_What this task involves_. After locating the line with "inlet and outlet" in the entries below, set down exactly that line and each one after it to the end, skipping pictures.

_Data extracts_.
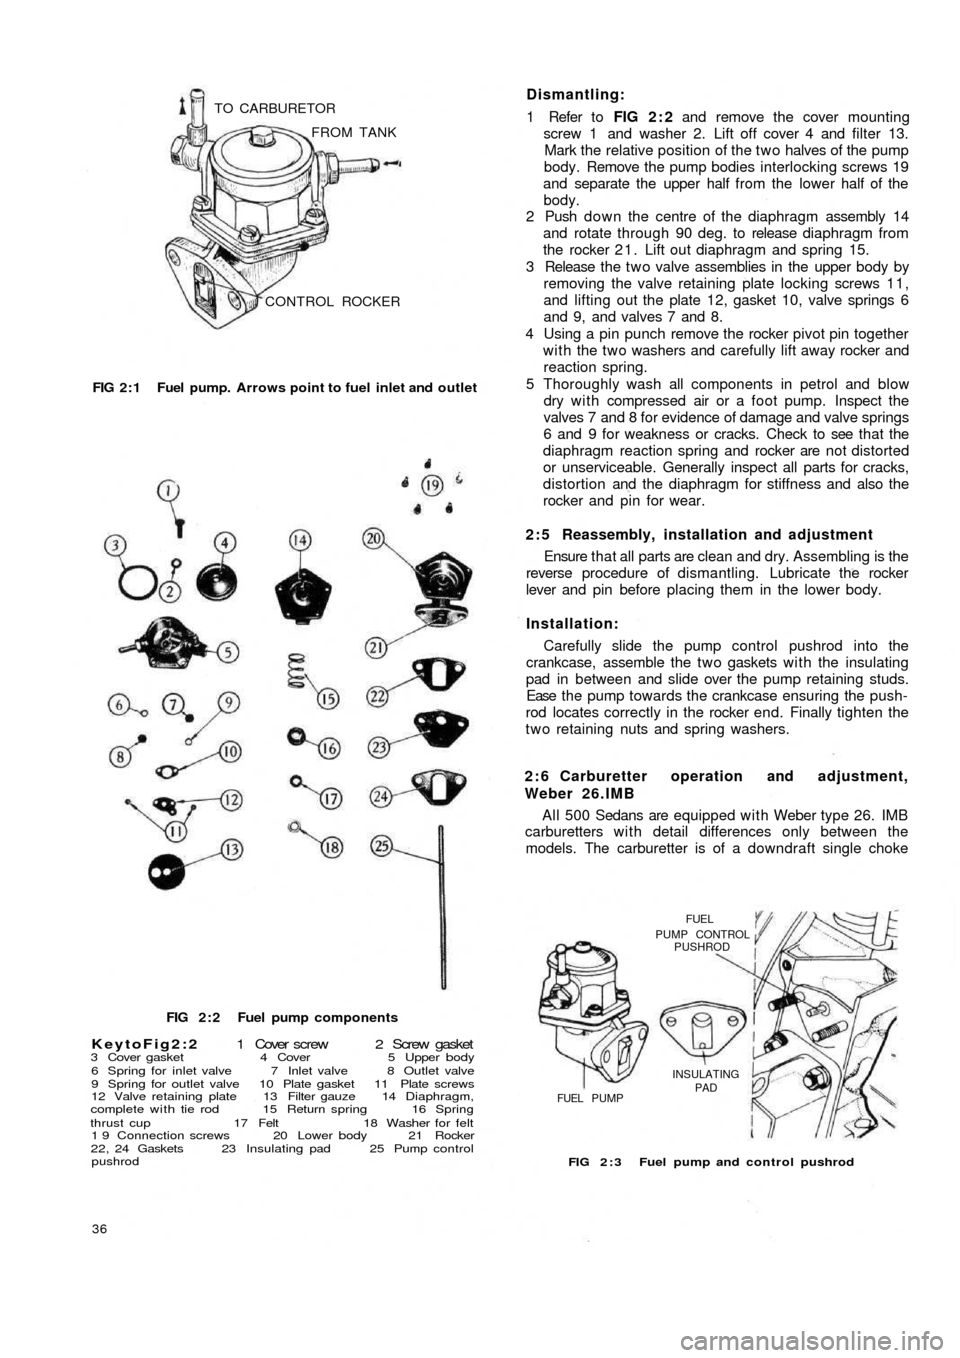 FIAT 500 1957 1.G Workshop Manual CONTROL ROCKER FROM TANK TO CARBURETOR
FIG 2 : 1  Fuel pump. Arrows point to fuel  inlet and outlet
FIG 2 : 2  Fuel pump components
KeytoFig2:2 1  Cover  screw  2  Screw  gasket3 Cover gasket 4 Cover 
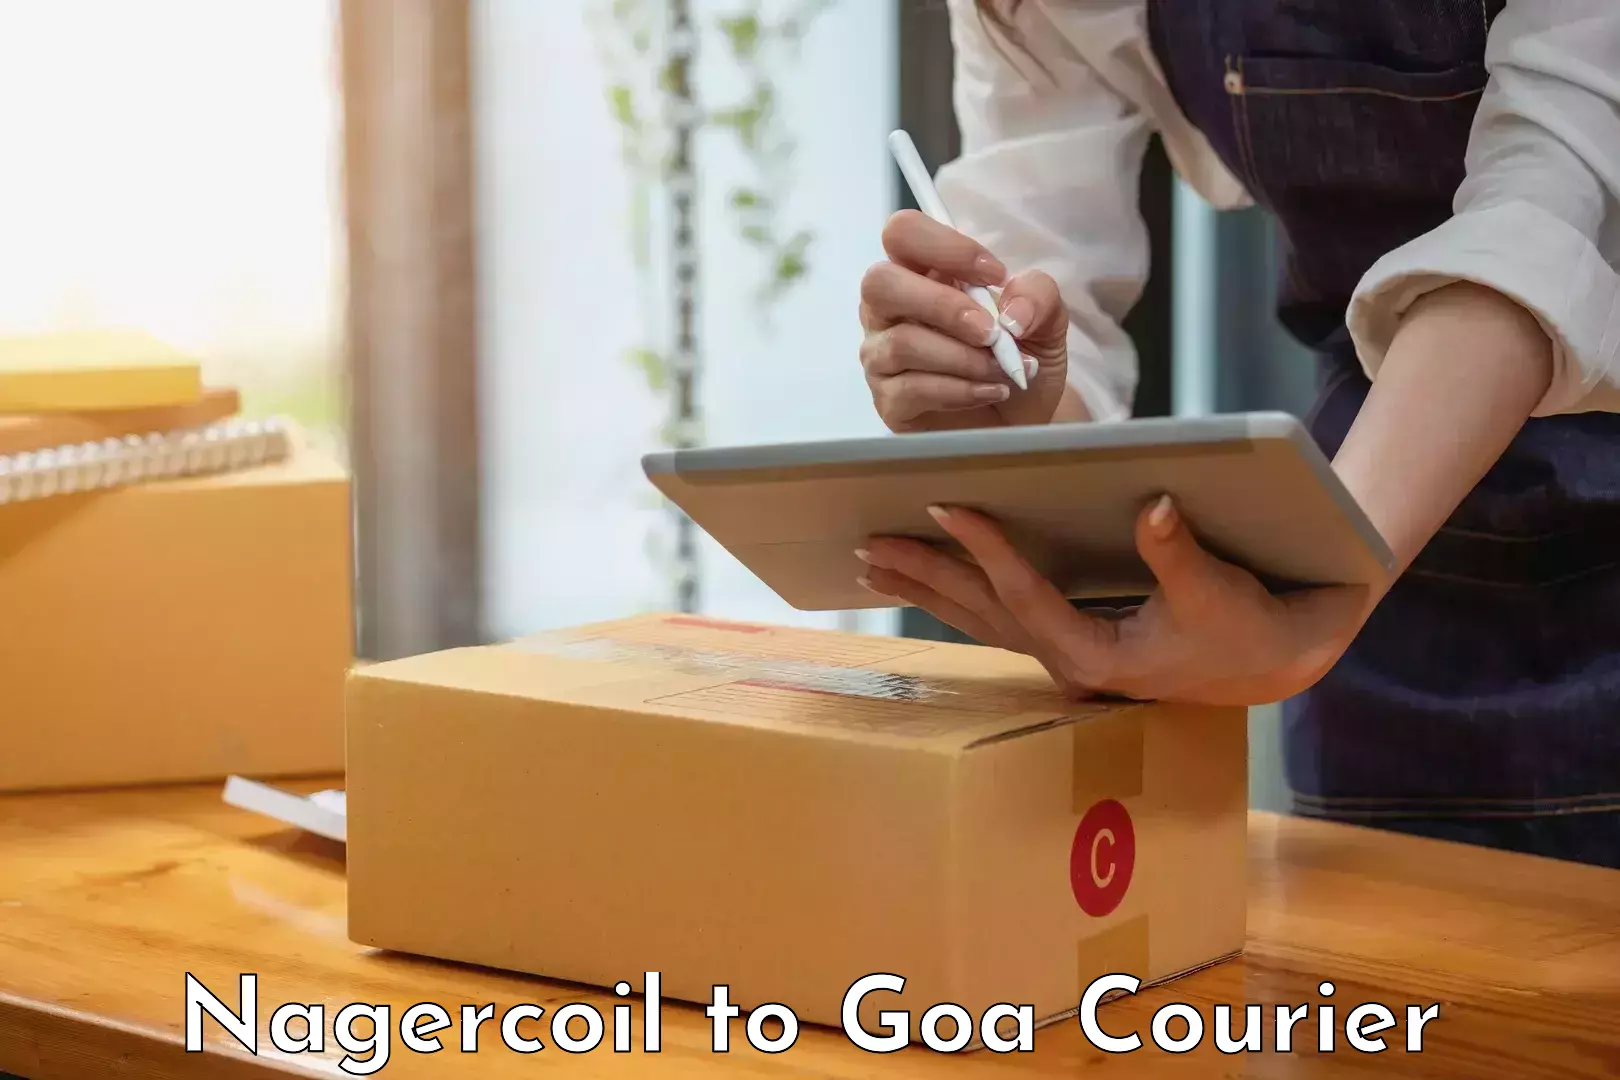 Cost-effective courier options Nagercoil to Panaji

_Expected answer_.
FIG 2 : 1  Fuel pump. Arrows point to fuel  inlet and outlet
FIG 2 : 2  Fuel pump components
KeytoFig2:2 1  Cover  screw  2  Screw  gasket3 Cover gasket 4 Cover 
 Cost-effective courier options Nagercoil to Panaji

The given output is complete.